Below is a set of records; reproduce them exactly without their pictures.

Data excerpts: Begin

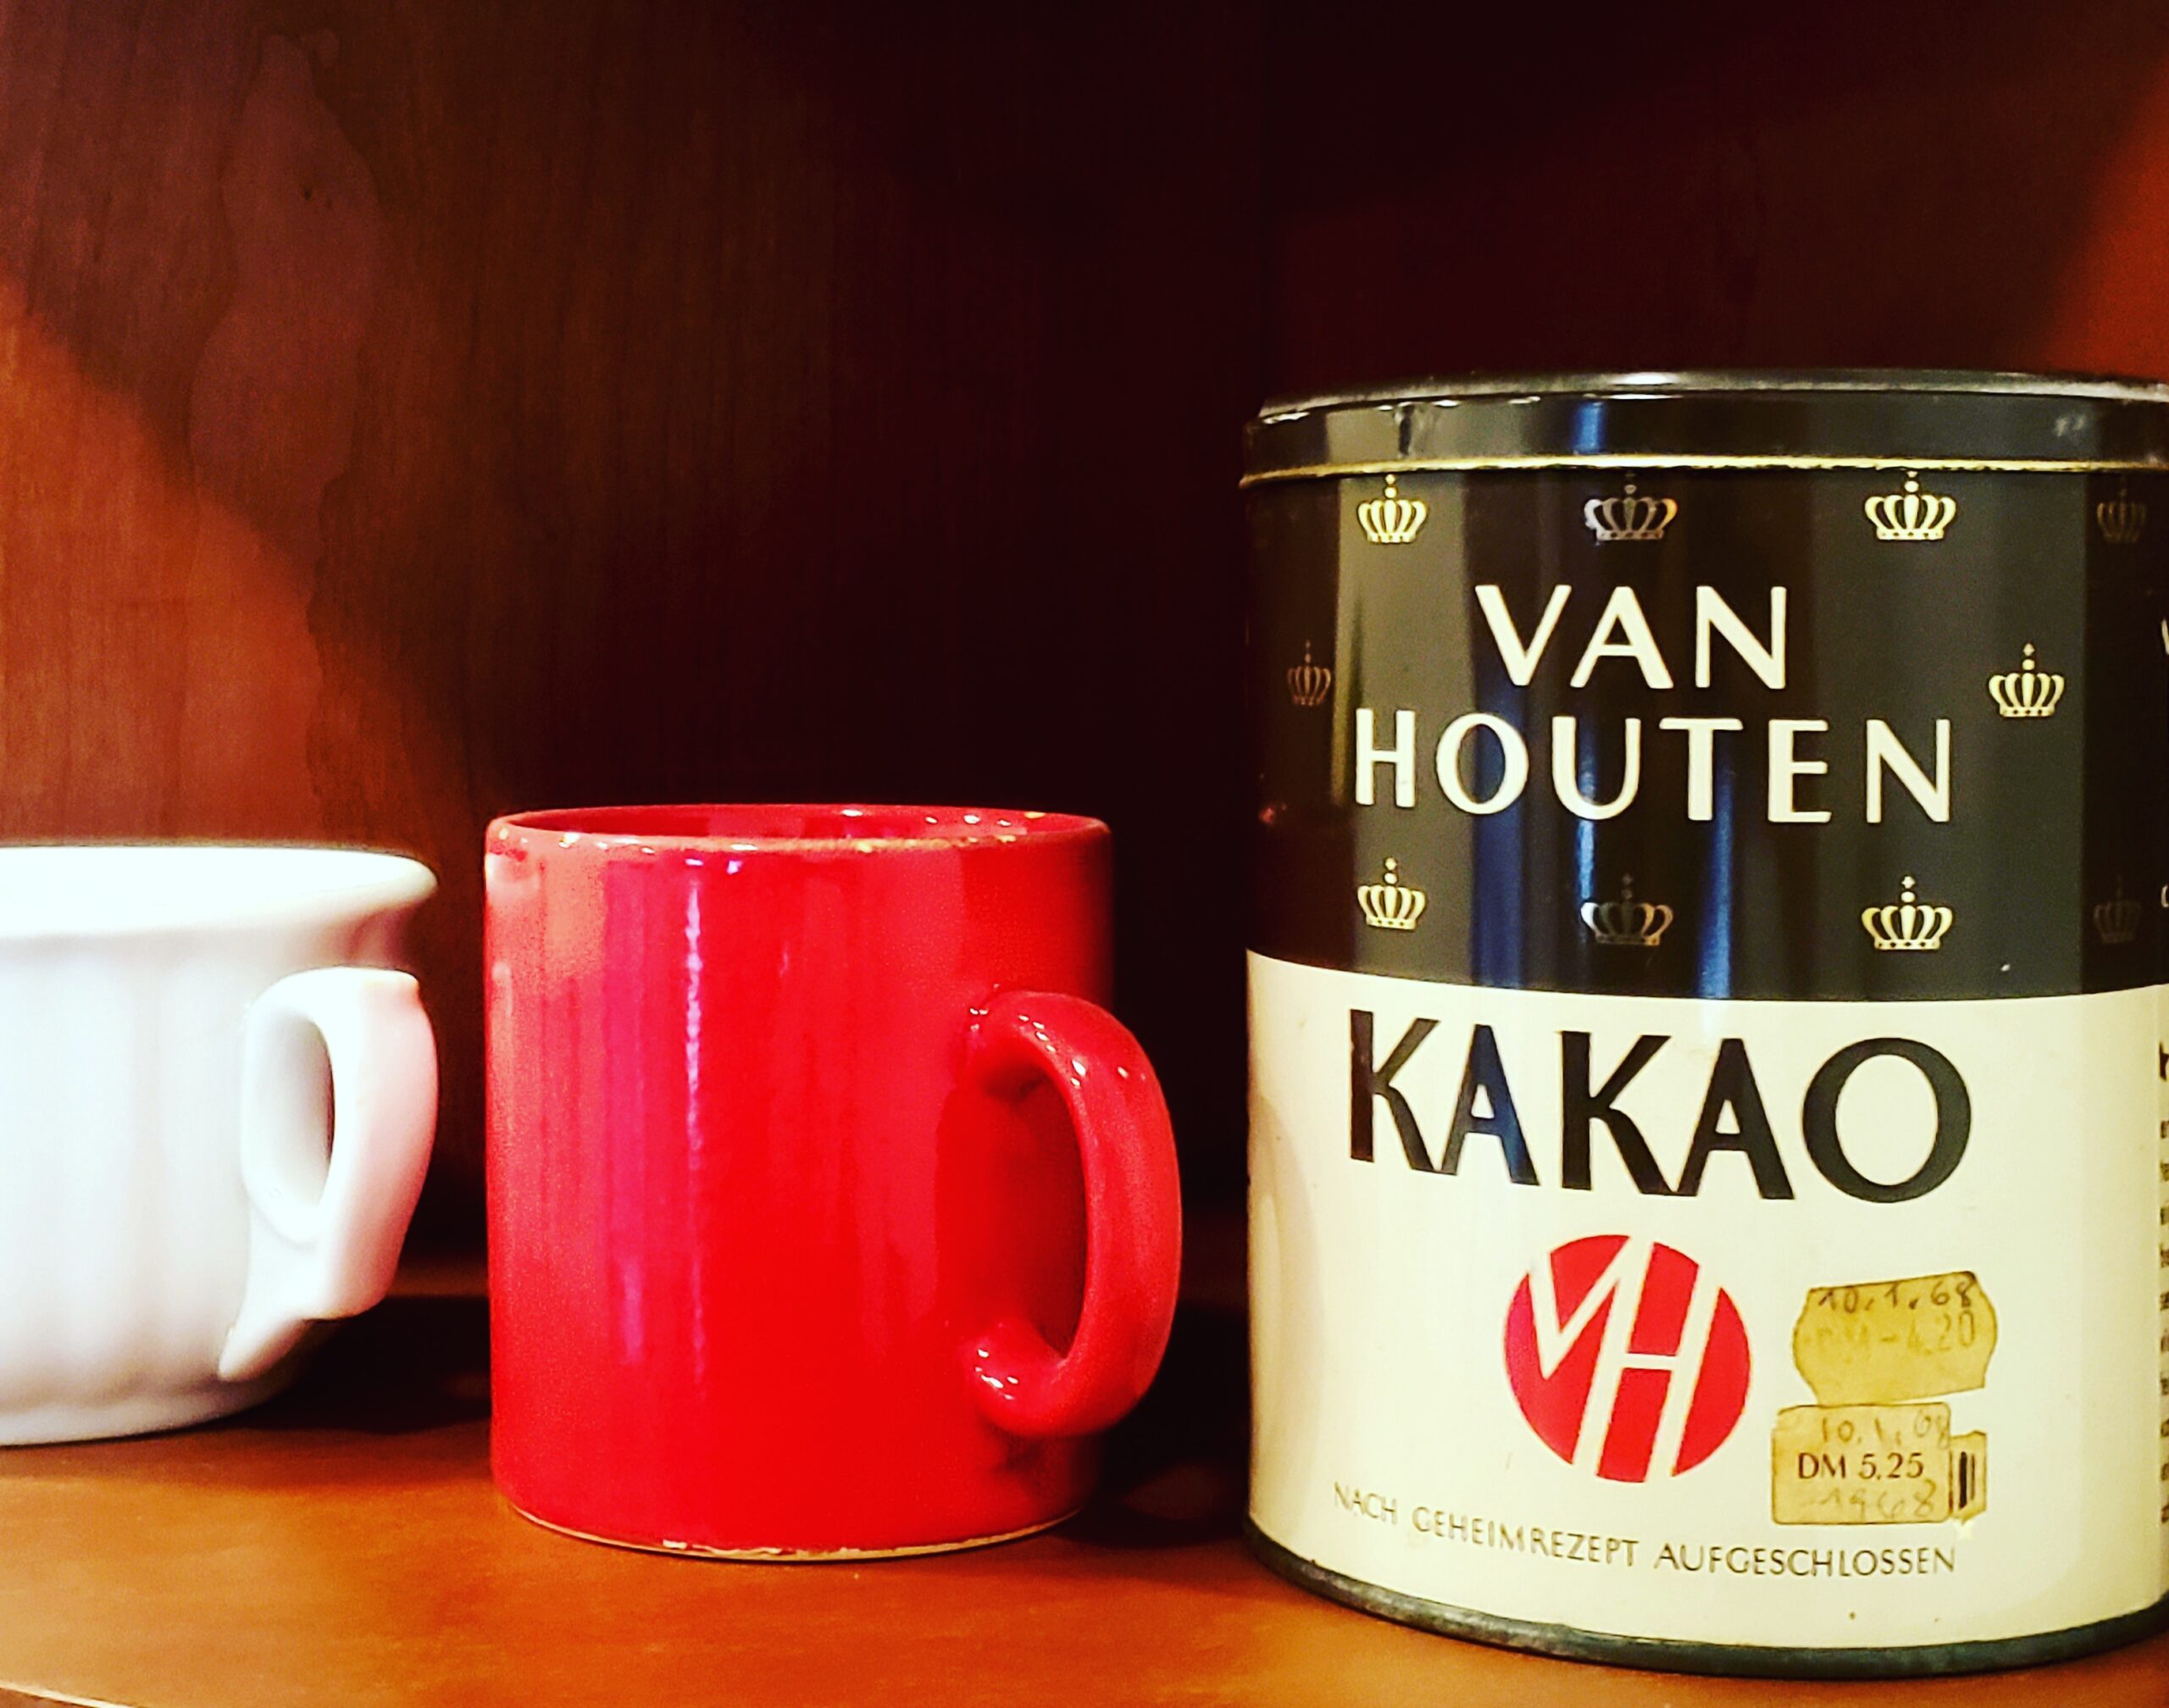 Van Houten cocoa tin on brown shelf with red and white mugs next to it
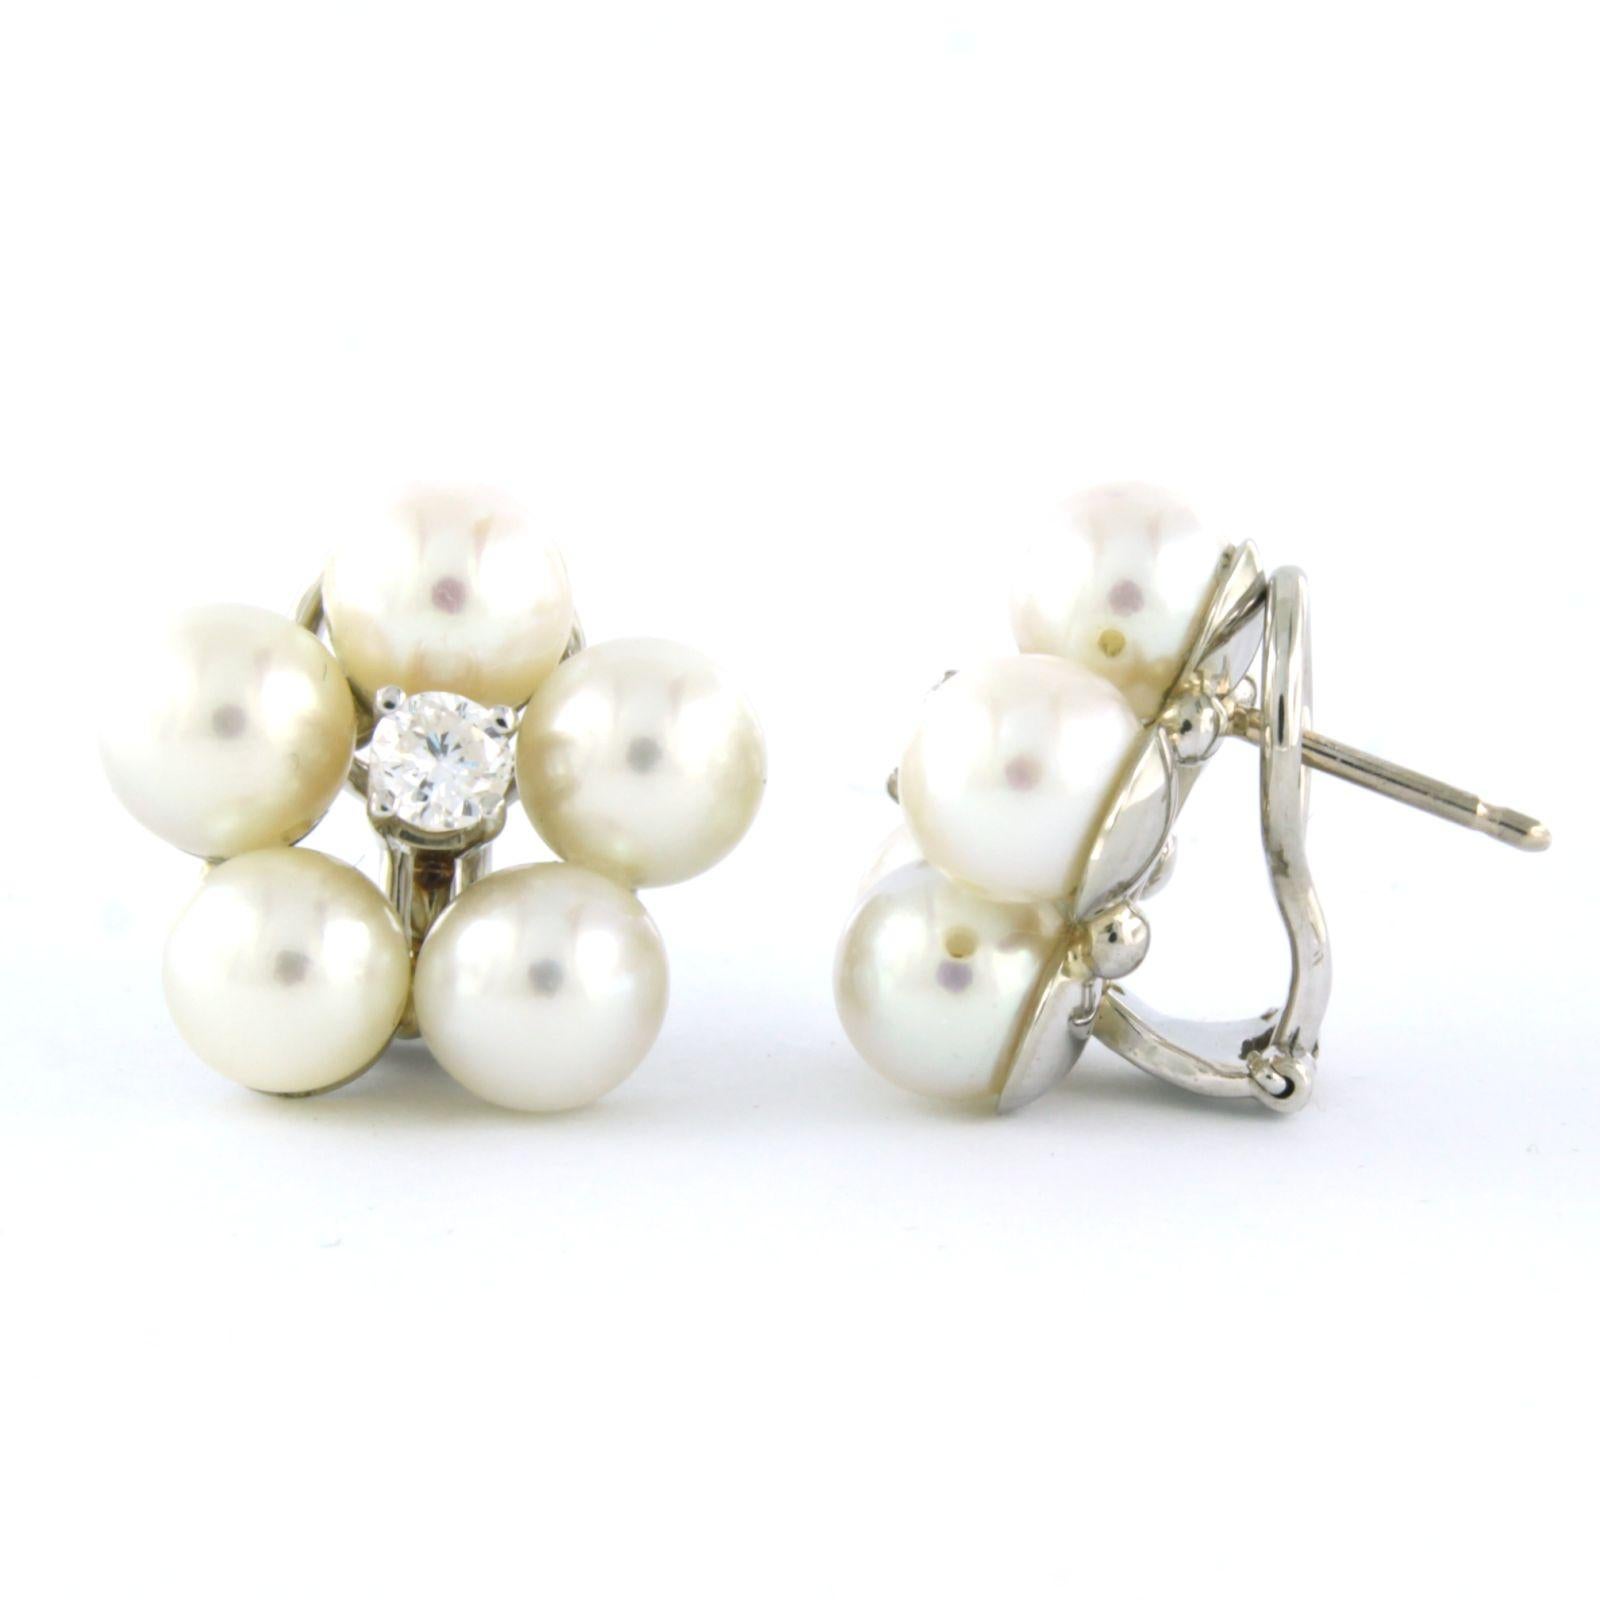 14k white gold clip-on earrings set with pearls and brilliant cut diamonds. 0.40ct - F/G - VS/SI

detailed description:

the size of the ear clip is 1.8 cm high and 1.8 cm wide

weight: 11.2 grams

occupied with

- 10 x 6.6 mm freshwater

Data excerpts: End

Exercise result
 Van Houten cocoa tin on brown shelf with red and white mugs next to it
 14k white gold clip-on earrings set with pearls and brilliant cut diamonds. 0.40ct - F/G - VS/SI

detailed description:

the size of the ear clip is 1.8 cm high and 1.8 cm wide

weight: 11.2 grams

occupied with

- 10 x 6.6 mm freshwater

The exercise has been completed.